* [Problem description] Output the full listing below exactly, without the pictures.

* [Recorded information]
◇ ◇ ◇ ◇ ◇

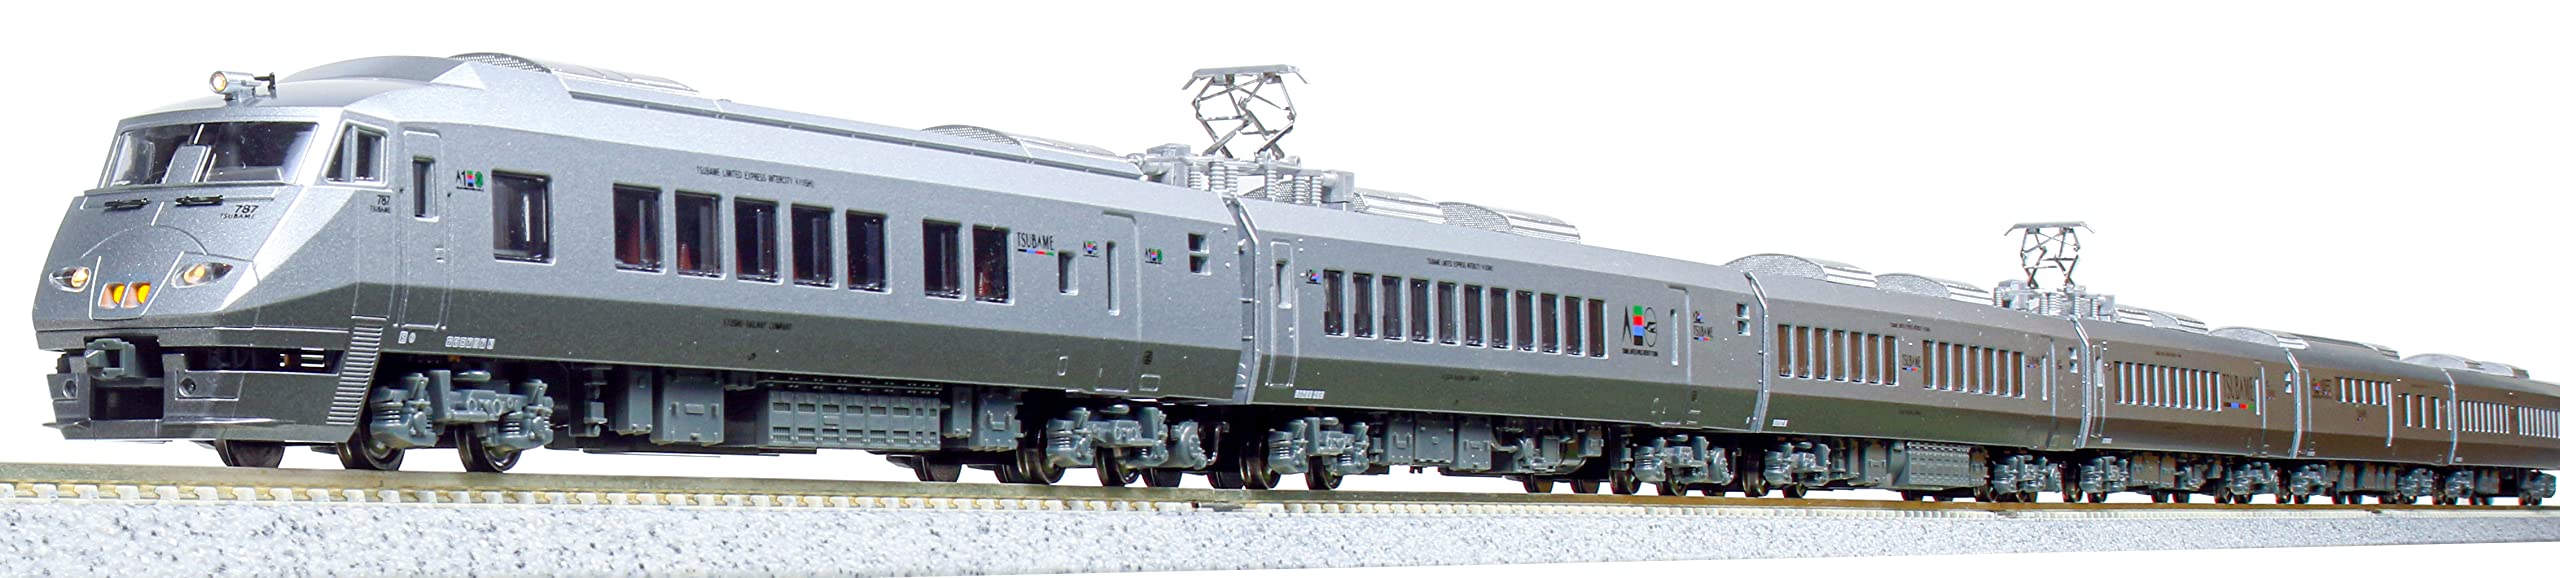 Kato N Gauge 787 Series 9-Car Tsubame Silver Model Train Set 10-1615
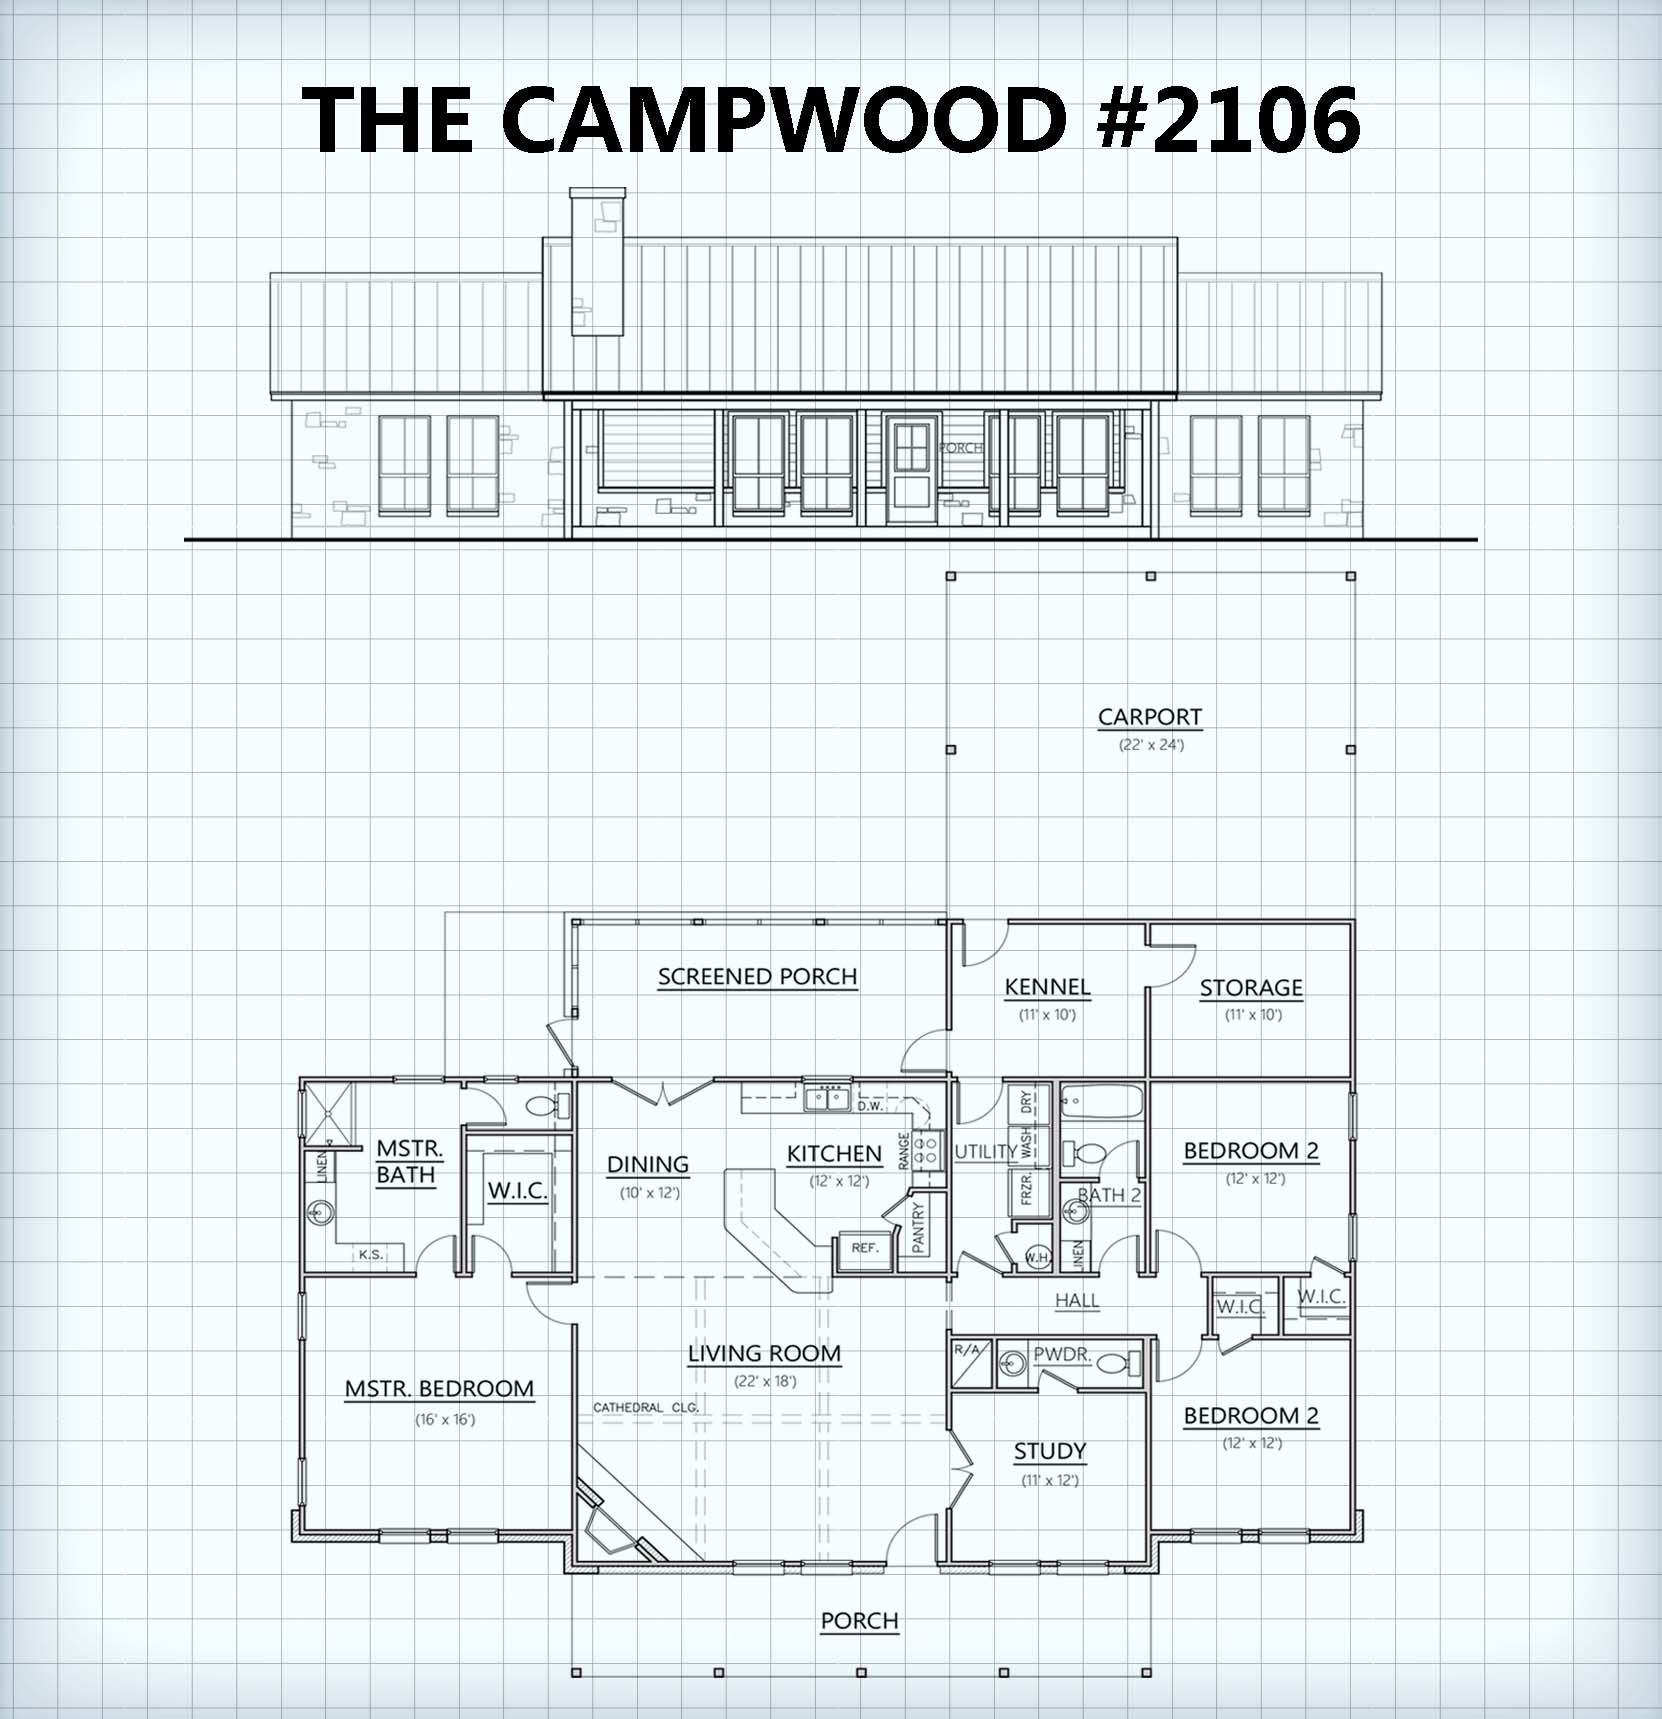 Campwood 2106
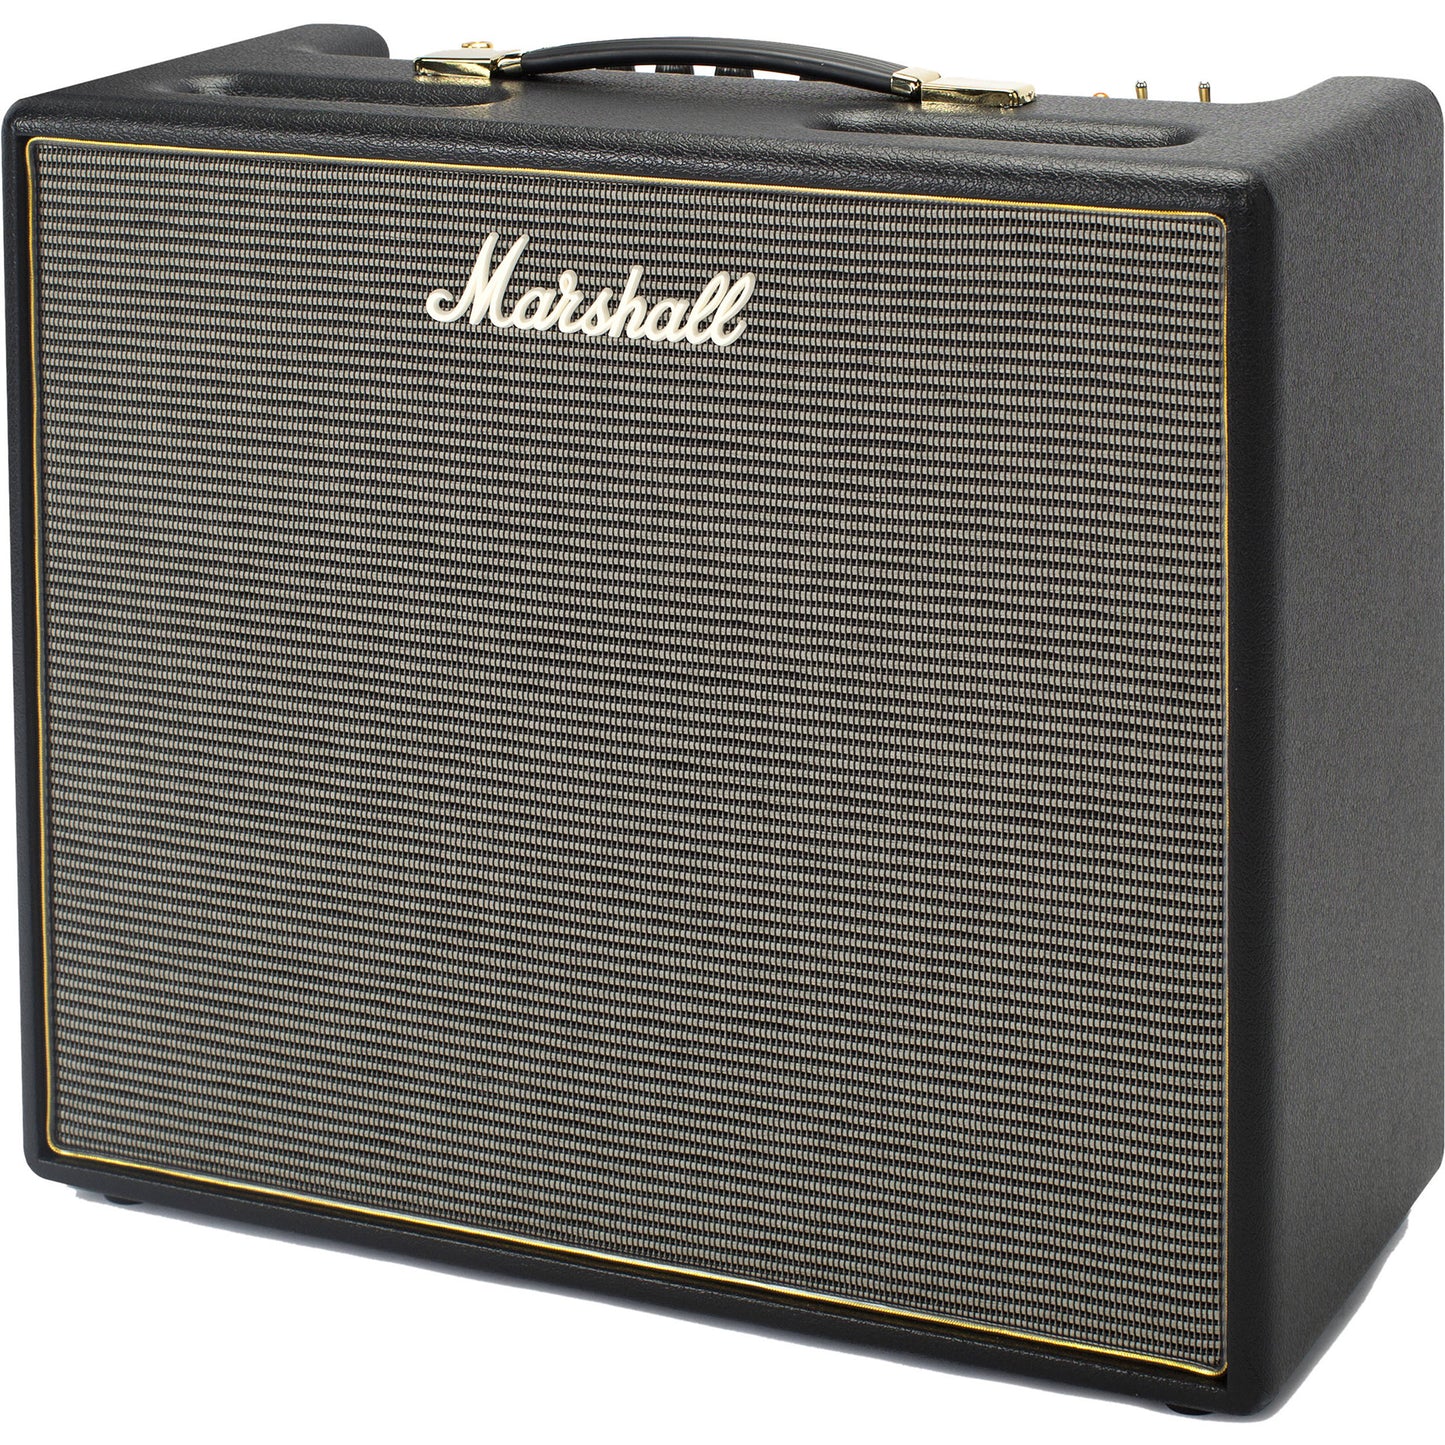 Marshall Origin ORI50C 50-Watt 1x12" Guitar Combo Amplifier

◇ ◇ ◇ ◇ ◇

* [Answer space]
 Kato N Gauge 787 Series 9-Car Tsubame Silver Model Train Set 10-1615
 Campwood 2106
 Marshall Origin ORI50C 50-Watt 1x12" Guitar Combo Amplifier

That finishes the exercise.